Results Data from the classification based on ocular dryness are reported. There were: 55 Sensitive, 71 Accurate Severe, 85 Accurate Mild and 59 Stoic. On all measures, the Sensitive group rated themselves as having worse symptoms and poorer functioning, followed in order by the Accurate Severe group, the Accurate Mild group, and the Stoic group. Comparing the groups using ANOVA with follow-up comparisons indicated no statistically significant differences between the Sensitive and the Accurate Severe groups (all p>0.39), except for pain – the Sensitive group reported significantly higher pain than the Accurate Severe group (p=0.02). The Sensitive group rated themselves significantly worse on all measures compared to the Accurate Mild and Stoic groups (all p<0.001). The Stoic group rated themselves significantly better on all measures than the Sensitive and Accurate Severe groups (all p<0.04). The Stoic group rated themselves significantly less fatigued than the Accurate Mild group (p<0.03). Overall a very similar pattern was noted for oral dryness.

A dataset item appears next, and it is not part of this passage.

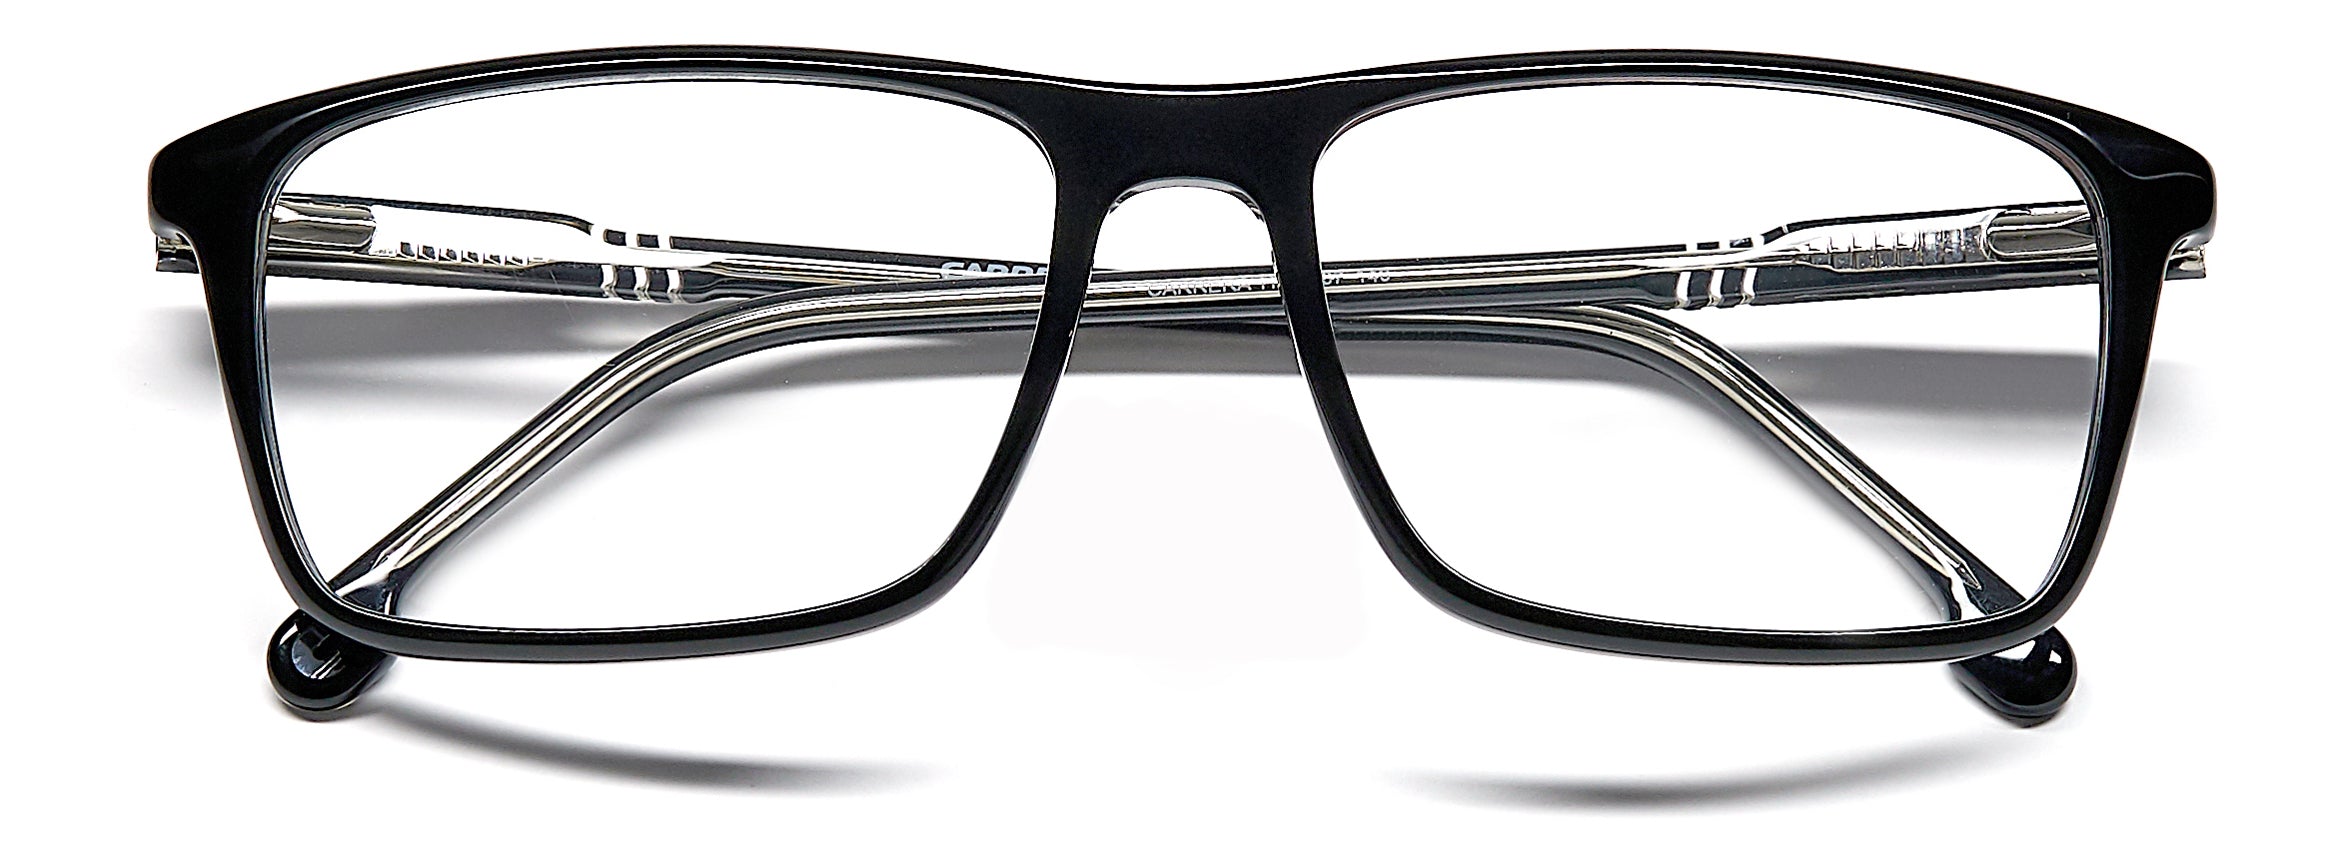 Sunglasses,specsmart, spec smart, glasses, eye glasses glasses frames, where to get glasses in lagos, eye treatment, wellness health care group, carrera 1128- black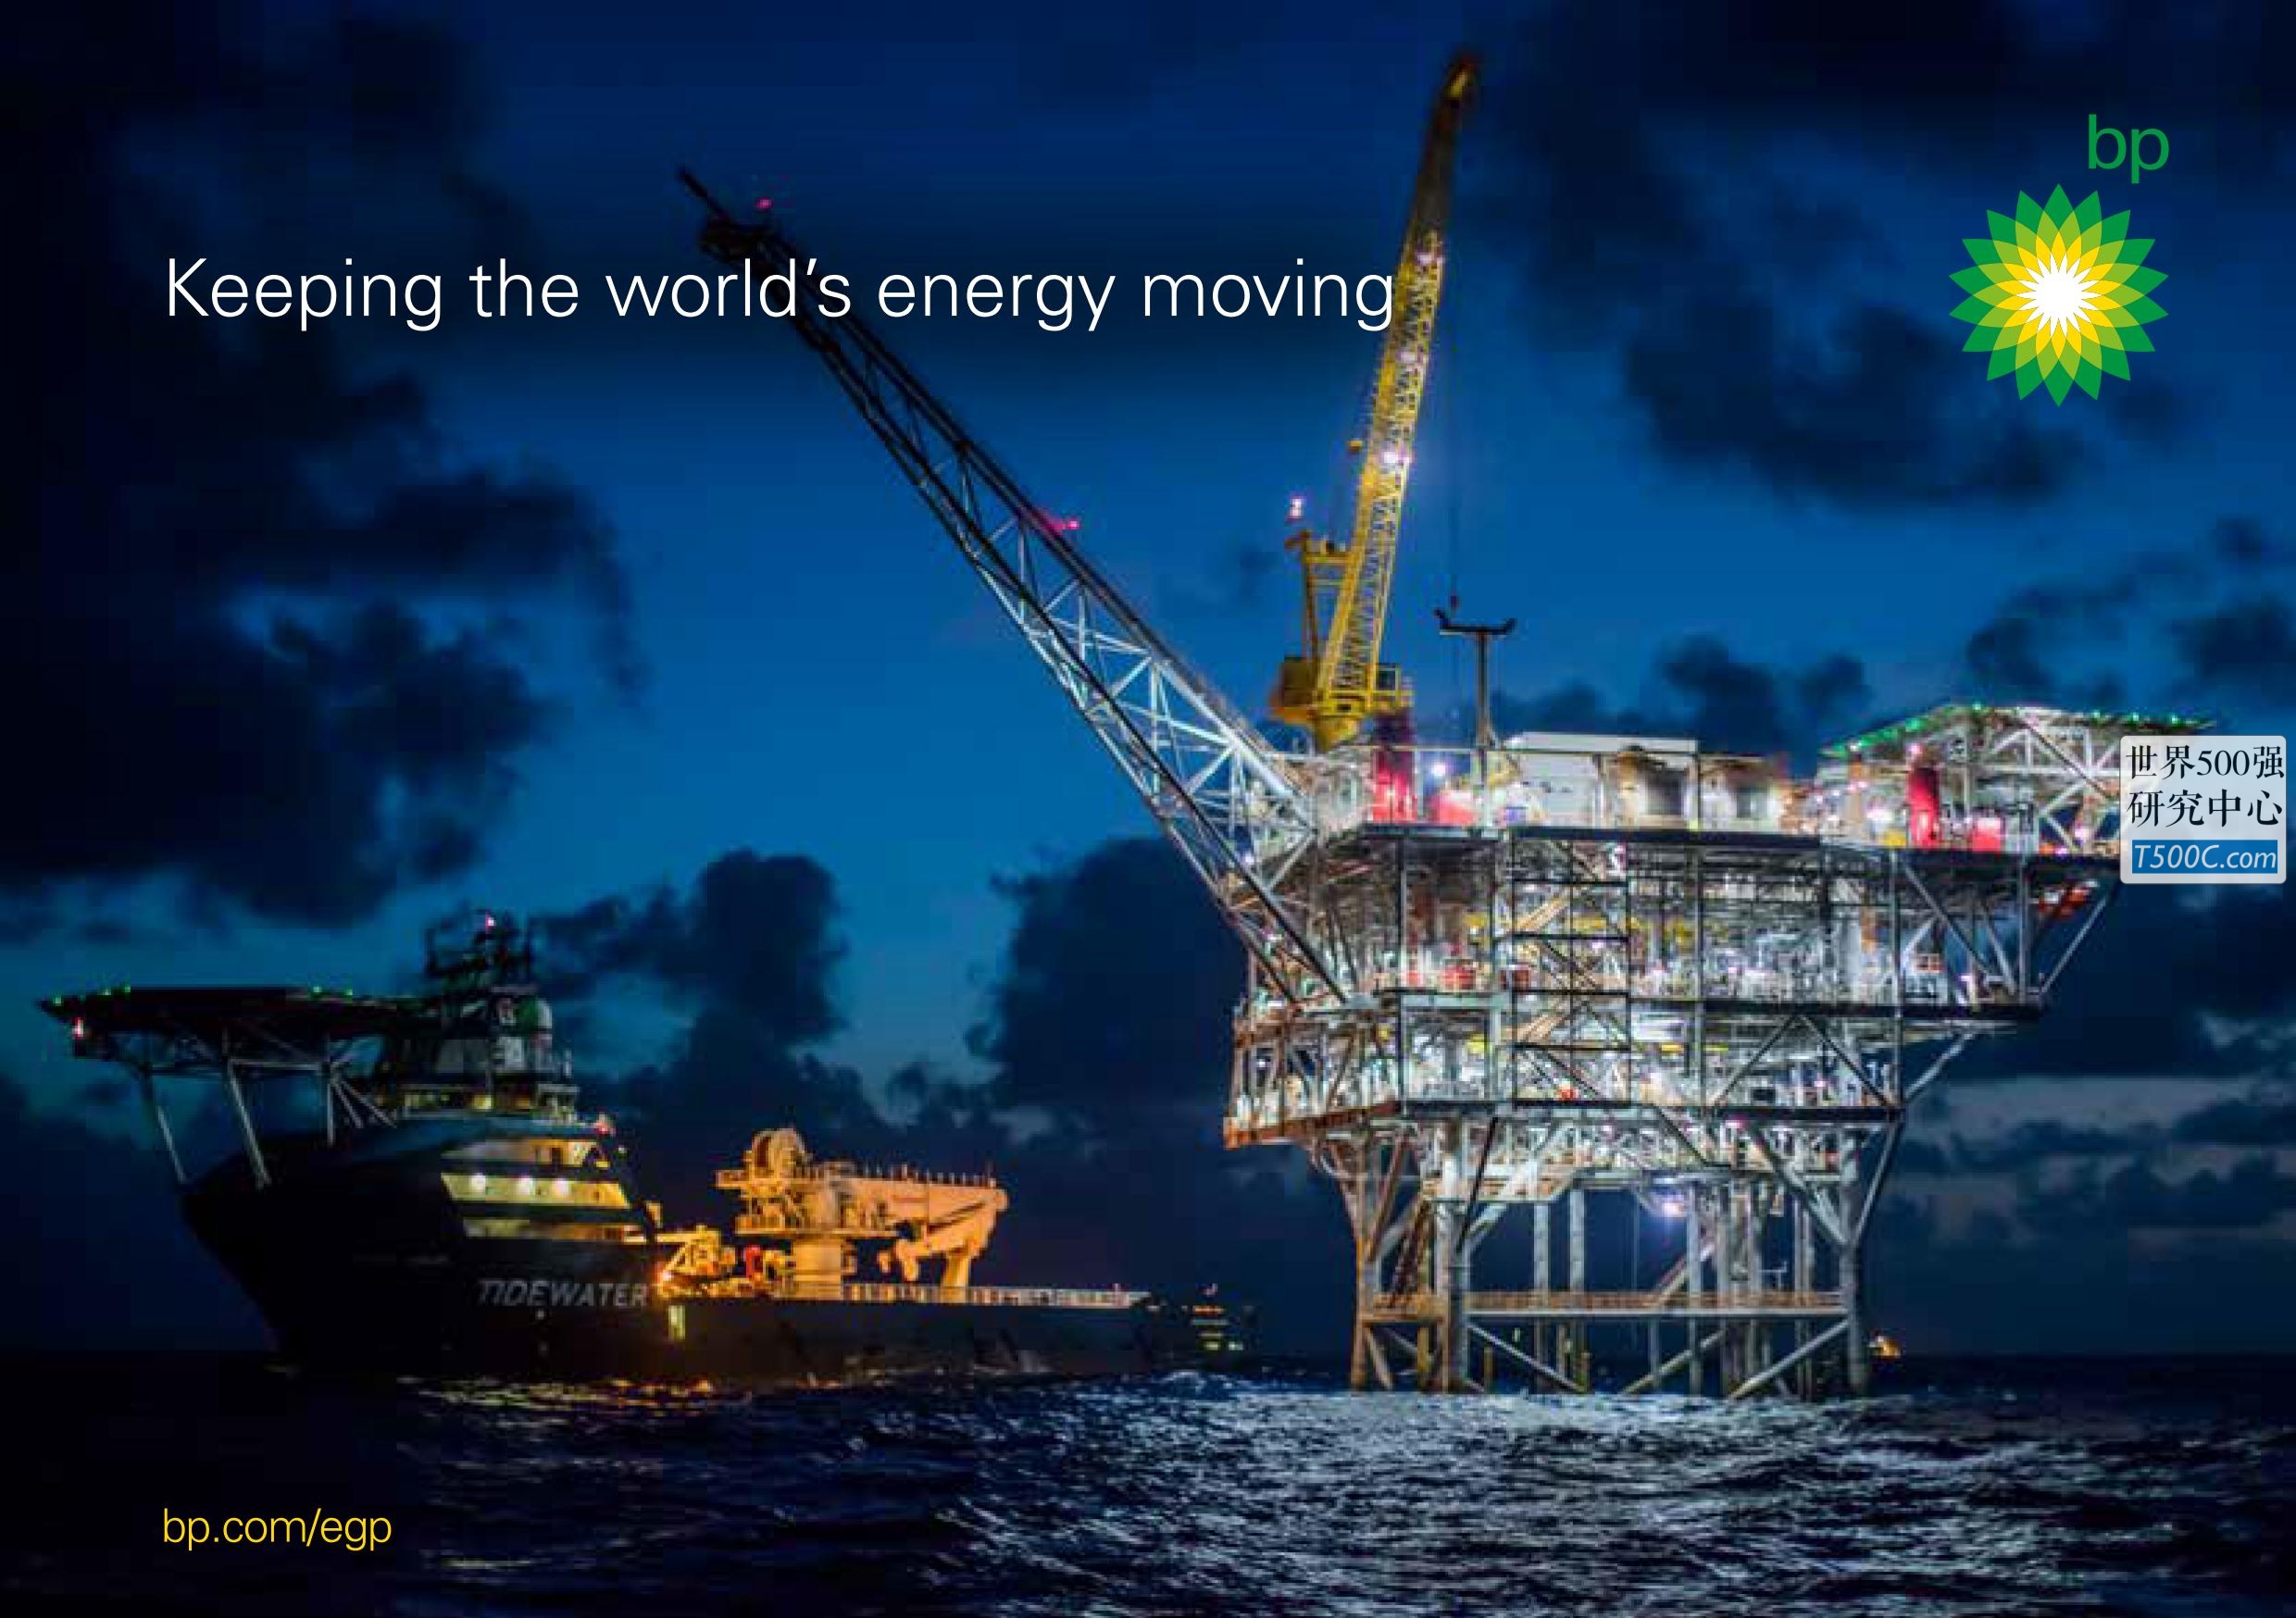 英国石油BP_见解宣传册Brochure_T500C.com_european-gas-and-power 2019.pdf

Conclusions Subgroups were identified based on the correspondence between subjective symptoms and objective illness markers. Patients whose perceived dryness was higher than would be anticipated from objective measurements reported the highest level of symptoms on all measures and the poorest quality of life. The opposite was the case for those whose subjective symptoms were lower than their objective illness markers would indicate. Although objective measures are subject to several confounds, nonetheless these findings suggest further investigation of these groups, exploring biological and psychological factors that may relate to symptom sensitisation, could be of significant value in elucidating our understanding of the path from symptom to distress and disability. This may ultimately guide intervention strategies.